Opioids are fueling the deadliest drug overdose epidemic in U.S. history. About 70,000 Americans died of a drug overdose last year, according to preliminary numbers released this month by the federal Centers for Disease Control and Prevention. That’s a 10 per cent increase from the previous year.

The practice of first ladies using their positions of prominence
to promote issues and causes they care about can be traced to Martha
Washington, America’s original first lady.

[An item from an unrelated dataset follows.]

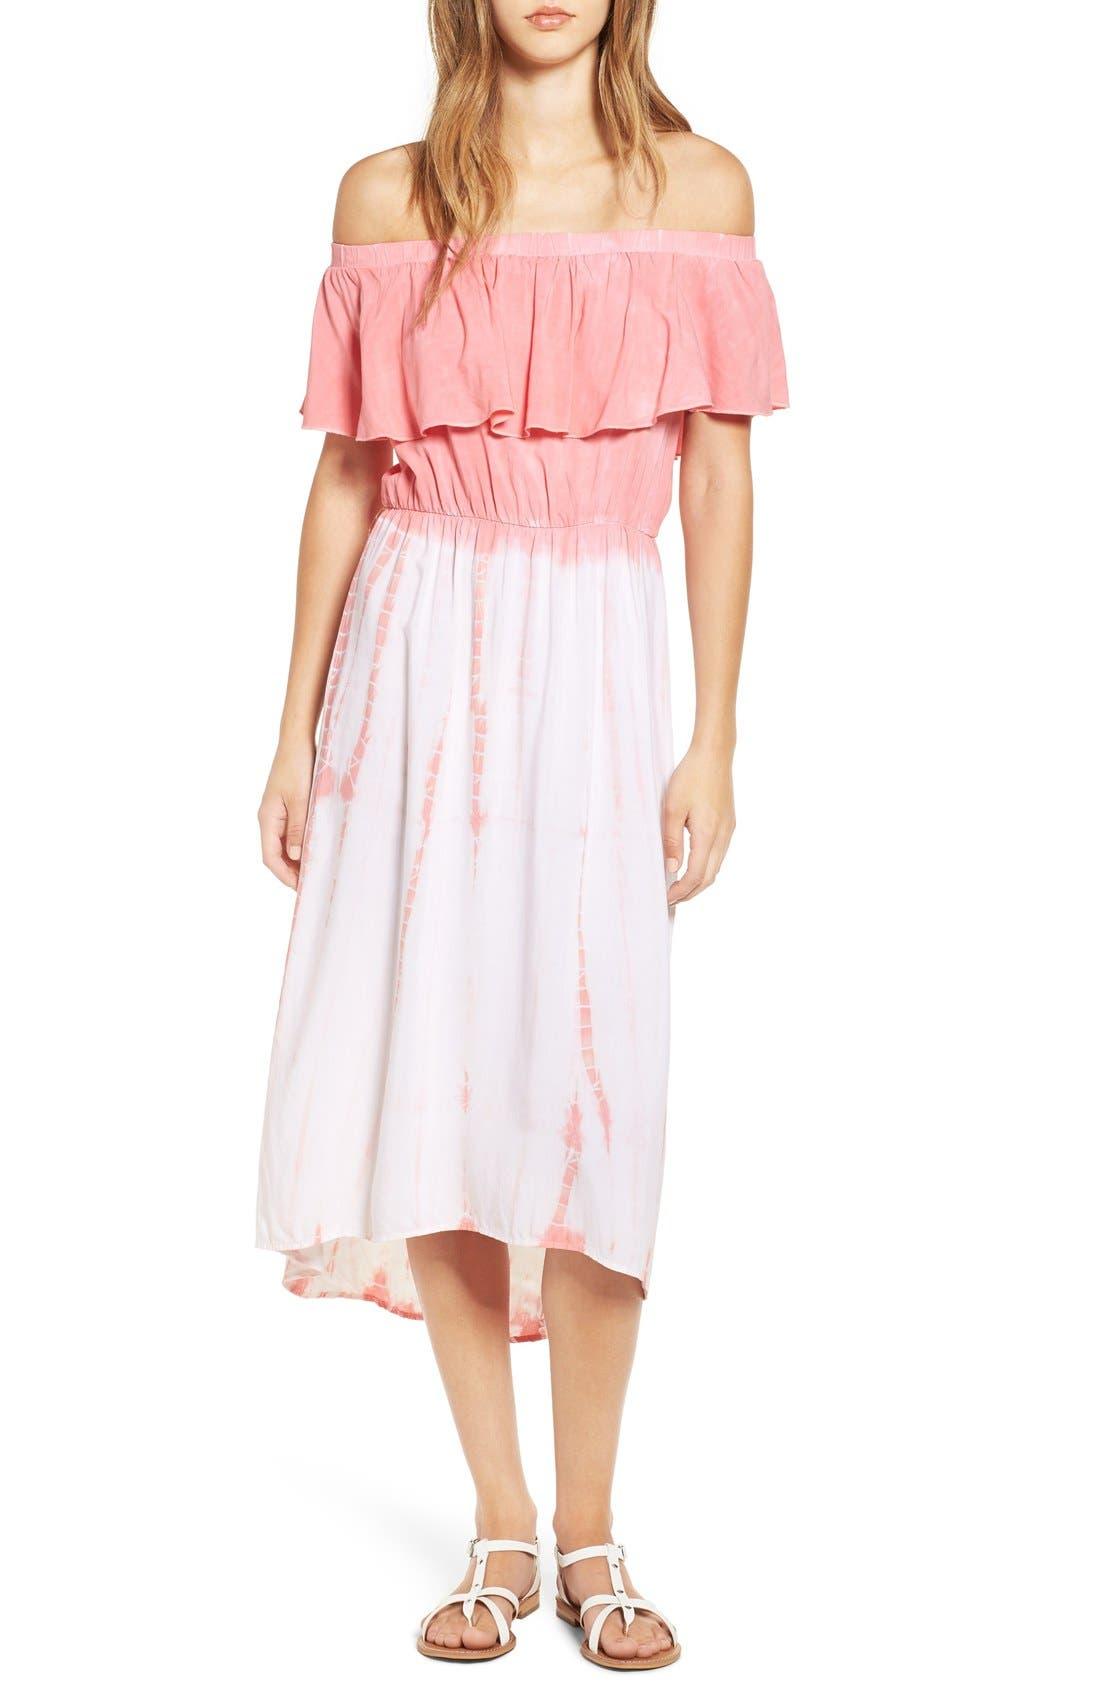 Alternate Image 1 Selected - jella c. Off the Shoulder Tie Dye Midi Dress

She was an advocate for
Revolutionary War veterans, said Anita McBride,
executive-in-residence at American University’s Center for
Congressional and Presidential Studies.

“Every first lady has done something,” said McBride, who was chief of staff to Laura Bush when she was first lady.

One of Mrs. Trump’s trip to the border was overshadowed by a hooded jacket she wore that had the words, “I really don’t care, do u?” scrawled on the back. The garment choice for her Texas trip ricocheted across the internet, spawning memes about what message the former model may have been trying to send.

Her spokeswoman said it was just a jacket with no hidden message. But the president undercut that by later tweeting that his wife was really saying she doesn’t care about the “fake news” media.